Wednesday, June 12, 2013

Raspberry Pi

I haven't done much with the Raspberry Pi since I bought it, but having semi-volunteered to give some talks at a forthcoming open day, I thought I would use it as a web server to interface with an Arduino and some hardware.  So I set it up again.

SD Card

I bought a new 16 gigabyte SD card for a tenner from the students' union shop.

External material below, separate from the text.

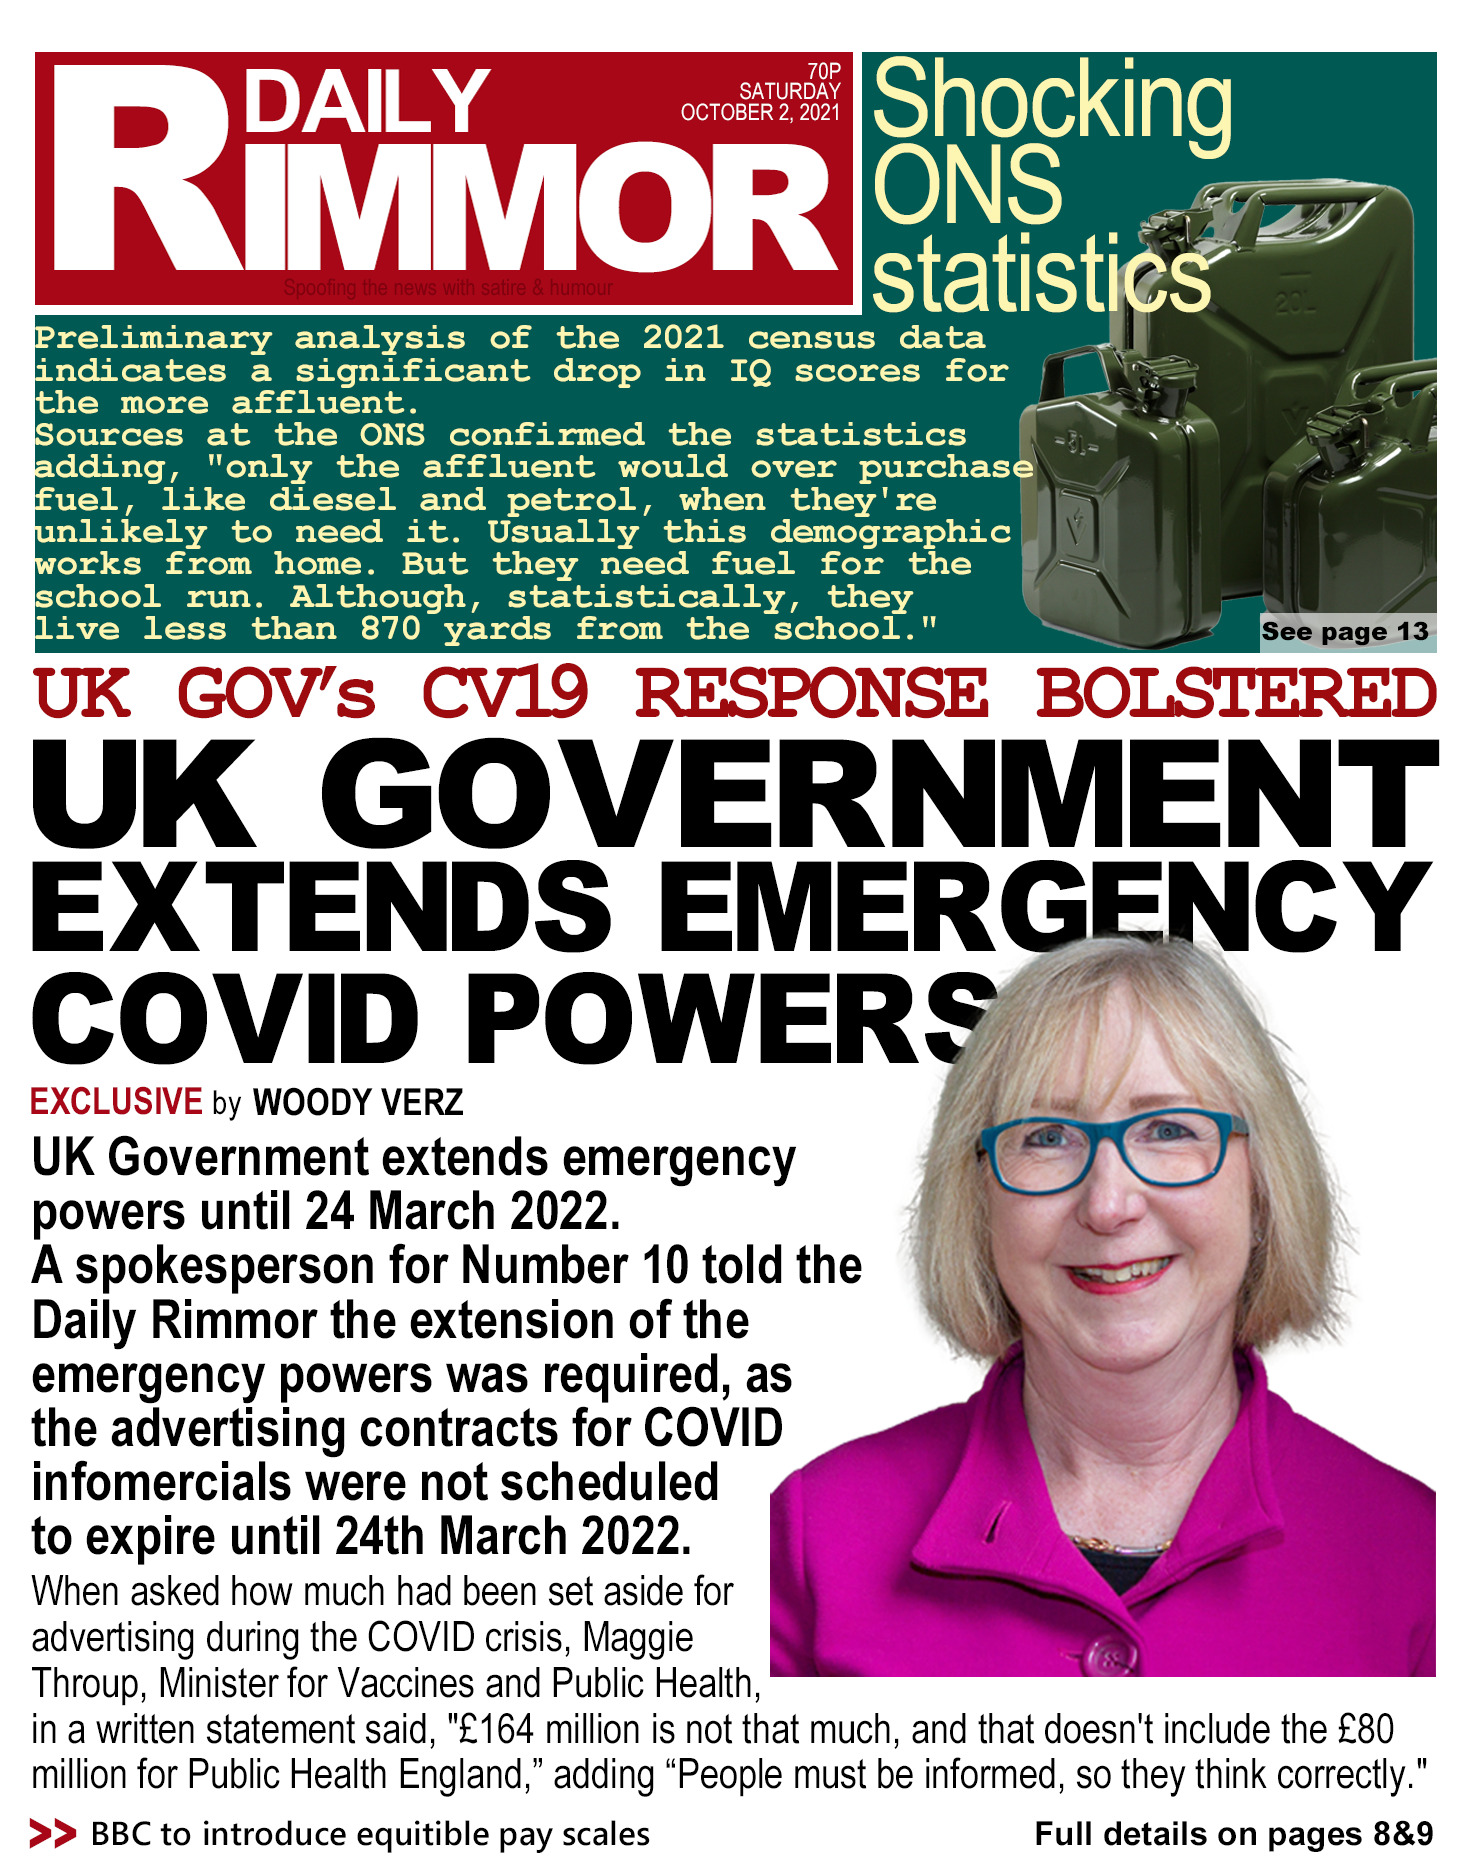 Daily Rimmor front page. COVID-19, Saturday 2 October

I think I paid about £130 for a 2 gigabyte hard disk back in the mid-nineties (I have a pile of them propping up a bookshelf in my office).  Downloaded the raspbian image on to my Linux netbook, popped the SD card into the slot, and created the image (the card was automounted as /dev/sdb1, hence the first command):
    umount /dev/sdb1
    dd if=2013-05-25-wheezy-raspbian.img of=/dev/sdb bs=4M

Network

The RPi was already registered for the campus network, so I haven't bothered with any of the static network address recipes - it picks up its address through DHCP.

Additional software

I installed (using apt-get) the following packages:
  • apache2
  • php5
  • libapache2-mod-php5
  • xfce4
  • tightvnc
  • arduino

VNC

I want to run the RPi headless most of the time, and don't want to have to muck about with monitor cables and spare keyboards when I do need to use the GUI.  Initially, I took the RPi up to one of the labs where I could pinch a monitor with DVI input, and work in peace.  These instructions worked to get VNC up and running.  I used vinagre and remmina to test the setup - VNC is now starting reliably at boot time.

Web server

I want the web server to use one of my subdirectories as root (documents in /home/pi/www/htdocs, CGI scripts in /home/pi/www/cgi-bin), so I edited /etc/apache2/sites-enabled/000-default to change the values of DocumentRoot, ScriptAlias, and the permissions on /home/pi/www/htdocs/.

Desktop

I use xfce as my standard desktop (I like Gnome 4 on netbooks, have never got on with Unity).  Selecting that as the default is simple (like most of the commands above, this has to be done using sudo to give yourself root privileges):
    update-alternatives --config x-session-manager
A menu appears, and I was able to choose /usr/bin/startxfce4 as my session manager.